Poets and writers come to the Calabash literary festival in Jamaica from every corner of the world, and still the overpowering voice in the fiction readings belongs to a native son from down the road in Kingston. Marlon James, in his second novel, The Book of Night Women, has conjured a teen-age female narrator, also a green-eyed black-skinned heroine named Lilith, and a blood-curdling conspiracy of female slaves in Jamaica in the year 1800. Their mission is to burn, kill and destroy a merciless slave plantation with the same rapacious cruelty that the British masters (and a very Irish overlord) use to run it. The Book of Night Women is not so much a historical novel as a very modern elaboration of violence that strips the souls of people. You feel you’re not just reading it; you’re becoming a witness to sexual, verbal and physical ferocity that scars and reduces everybody; and then you’re a witness also to love — unnamed, but exquisitely articulated — where you least expected it. “I didn’t want to let anybody off the hook in this book, including the victims,” Marlon James remarks in our conversation. There’s a writer here with a book and a “dynamism of spoken language” that are very much for us and our world.
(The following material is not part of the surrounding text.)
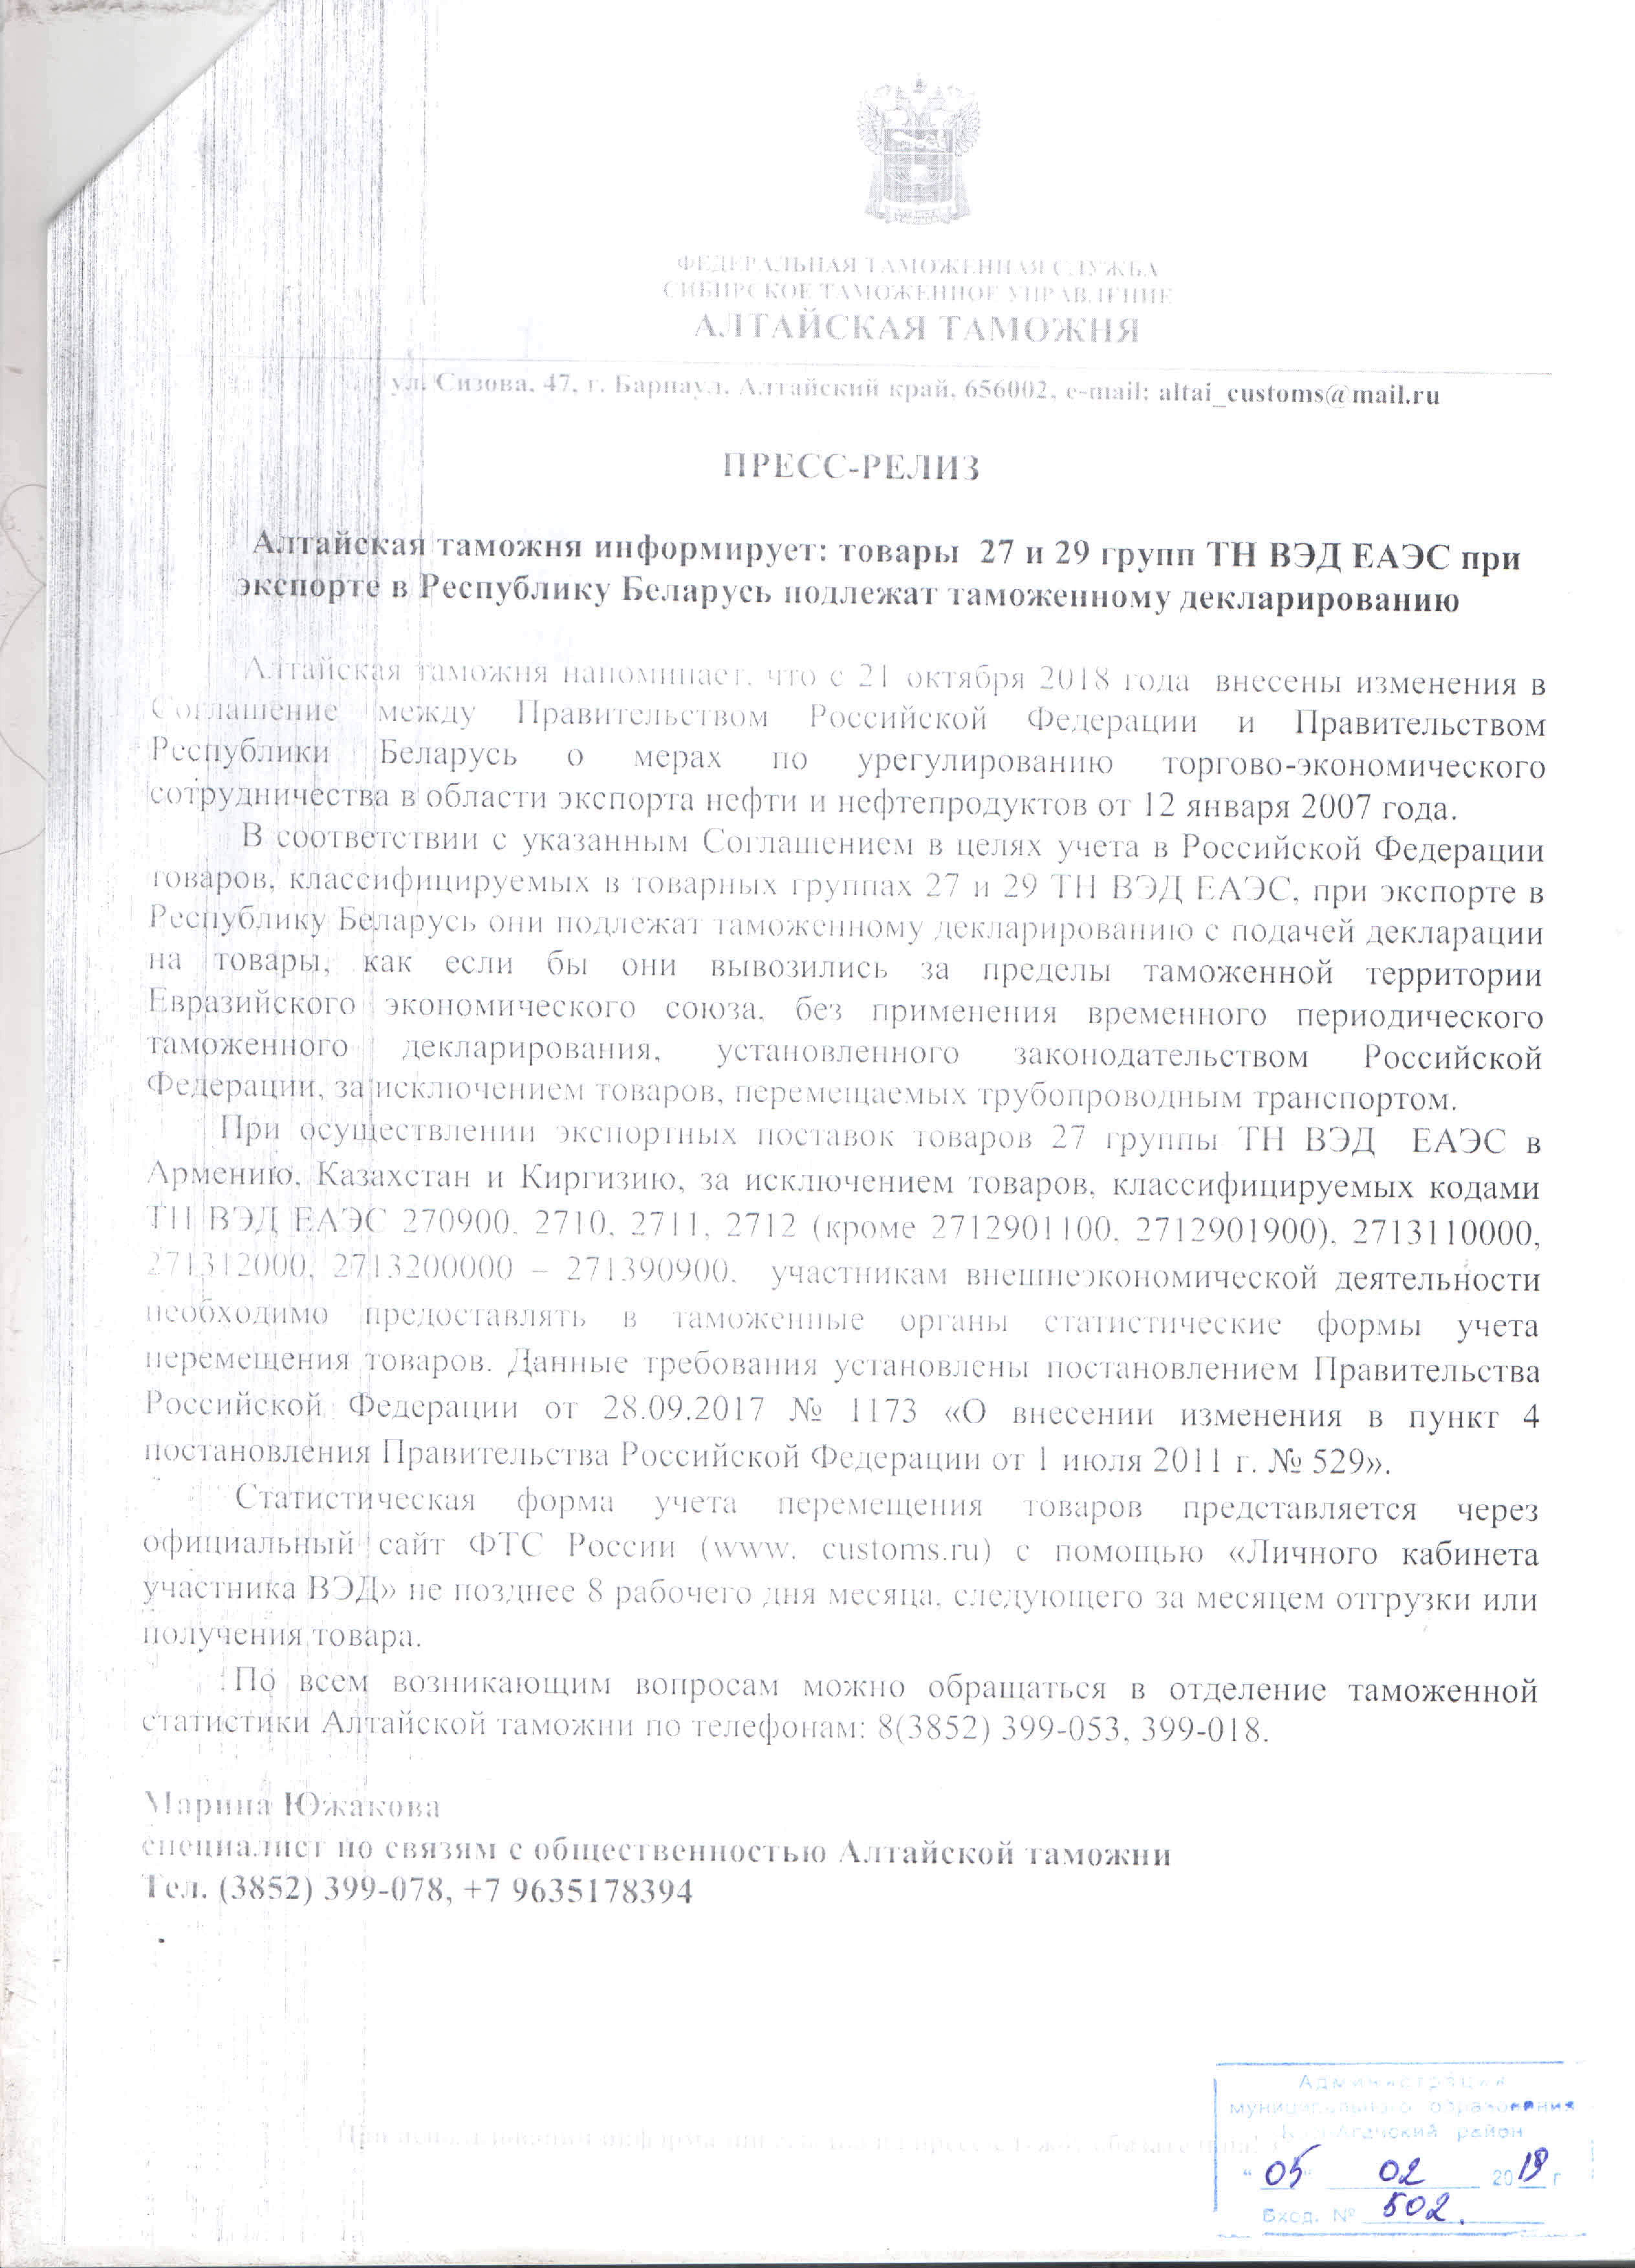 Алтайская таможня информирует: товары 27 и 29 групп ТНВЭД ЕАЭС при экспорте в Республику Беларусь подлежат таможенному декларированию

One of the concerns from critics was why in such a forward-looking time I was writing a backward-looking novel? You know: “Black is the new president,” “we’re post-racial” and all of that. There are a lot of answers to that, and not just the very typical one, that you need to know your history and so on. But I wasn’t writing a historical novel. There are many ways, I hope, in which this novel is in dialogue with the President. The first is the ownership of language. The story is old, but the idea of telling a story in the voices of the people who went through it is still a pretty new thing. The idea of a slave’s story or the story of urban poverty being in the voice of the people who experienced it is new, and it’s pretty radical when you look at the British West Indies. The first publisher to see The Book of Night Women was a British publisher who turned it down. And her request to me was to reconsider writing it in the third-person in standard English. And what struck me there was that even in 2007, people still refuse to have stories told by the people who experienced it, in a language that breaks standard English, that accepts lyricism, that breaks words here, that joins words here. It is a slavery novel but it is also a novel that acknowledges the dynamism of spoken dialect English. And owning it…
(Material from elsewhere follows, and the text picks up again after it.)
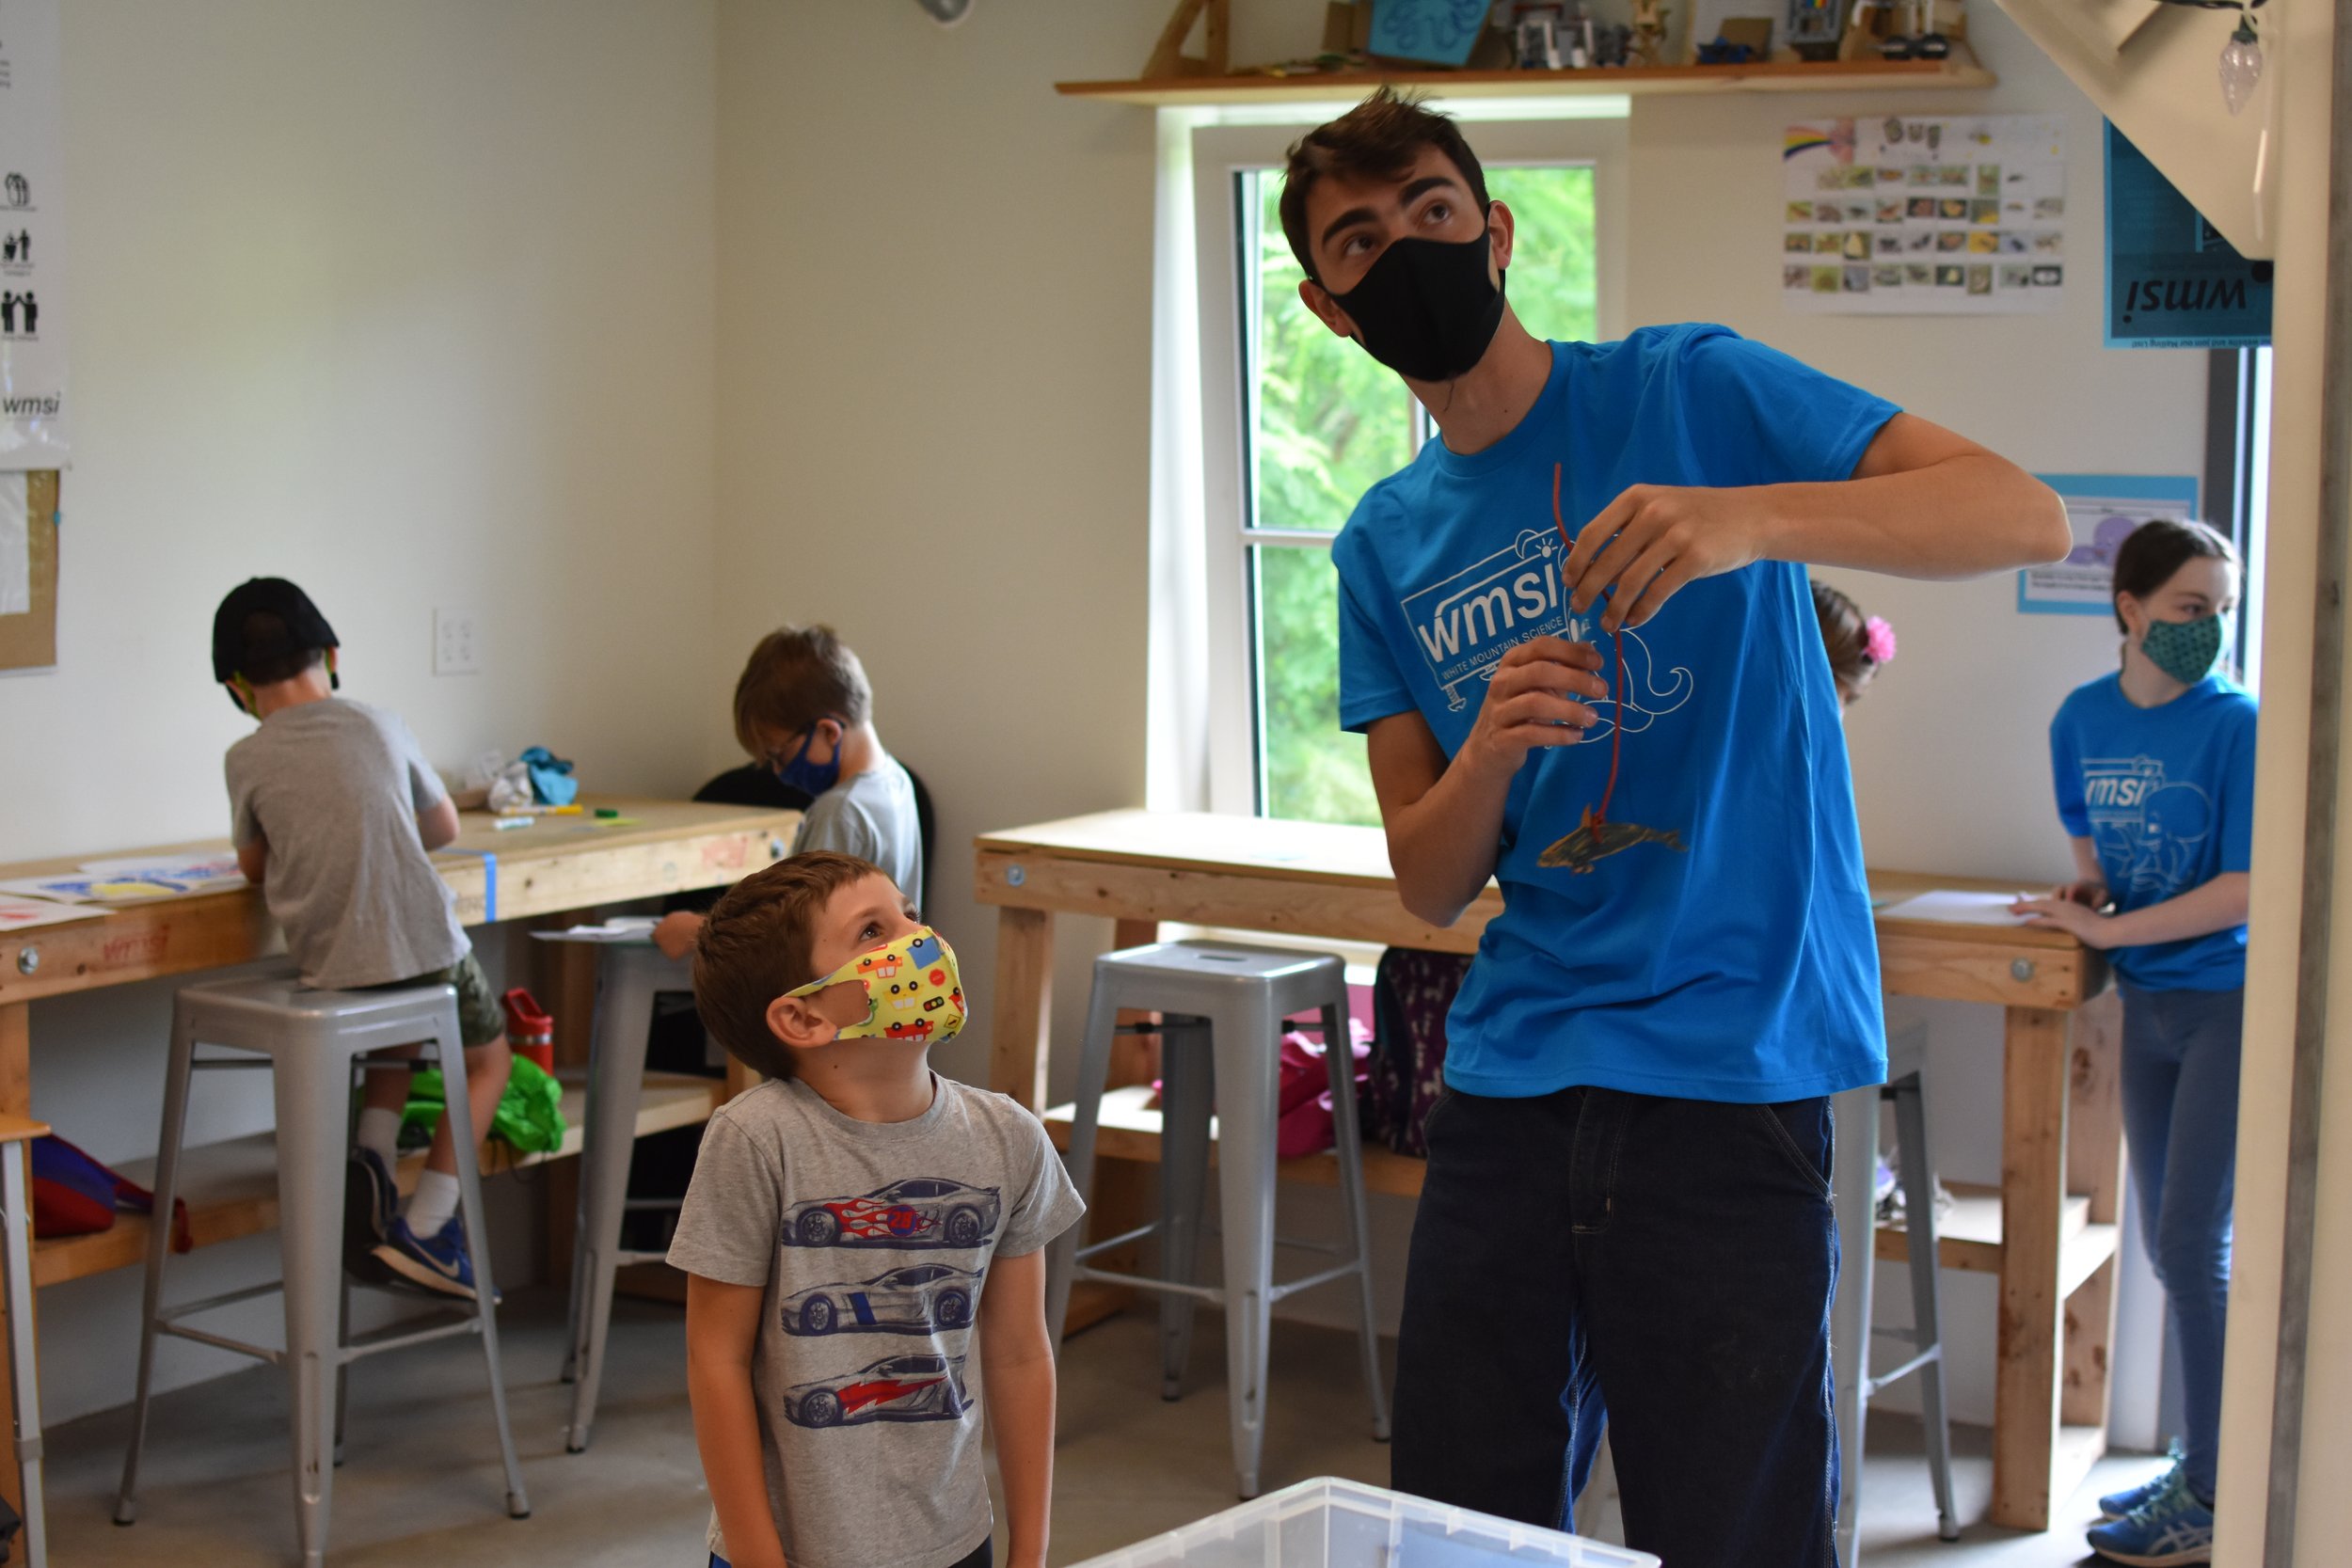  A WMSI Blue Shirt helps a student hang up a paper creation

I didn’t want to let anybody off the hook in this novel, including the victims. And I think that it is something that had to be said. It’s too easy. I always say it and I say this sometimes when I lecture: if blacks accuse whites of denial, then blacks could accuse themselves of myth-making — that that there were all oppressive whites and all oppressed blacks. So that is why the idea of slaves owning slaves is so painful for some people to read. It’s a fact; it happened. Slaves themselves became the masters after the rebellions. I knew I could have written a very black and white story and probably still have been praised for it, largely–it must be said–out of guilt. I know I could have written about horrendous white masters beating poor slaves and have gotten away with it. To me that is intellectually dishonest. I think the more humane thing, but also a dialogue that has more to do with what is going on now, is one that recognizes all the ambiguities: that even such a dark world is still pretty gray…
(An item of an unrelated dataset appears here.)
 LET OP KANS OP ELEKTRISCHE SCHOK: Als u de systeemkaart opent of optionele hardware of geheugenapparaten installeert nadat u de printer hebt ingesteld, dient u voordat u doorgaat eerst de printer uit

It is not just a matter of knowing history so that you don’t repeat it. It is that you are headless without history. And I don’t think it is being taught enough. If I thought it was being taught enough I wouldn’t have written the book… Toni Morrison has said she writes the books that she wanted to read but could never find. And I agree with that totally. There is certainly a rich tradition of slave narratives and so on, but it is still not enough. Even the most enduring and the most lauded works about slavery tend to be about American Slavery– like Beloved. And Caribbean slavery was such a radically different thing: it was so violent. You can’t help but be hyper-violent when you are talking about West Indian slavery. And it is not even the violence itself, but the uncertainty that makes it even more violent…the slaves were not beaten into submission, they were very proud warriors from kingdoms who were just defeated in war. They were prisoners of a war of sorts, not necessarily victims who were waiting to be captured. And when you put that in a mix with people who come from Britain, mostly men, who are being thrust into this world where anything goes, it is bound to be explosive. And I think that story hasn’t been told enough.
Marlon James in conversation with Chris Lydon, at the Calabash International Literary Festival, Treasure Beach, Jamaica, May 24, 2009.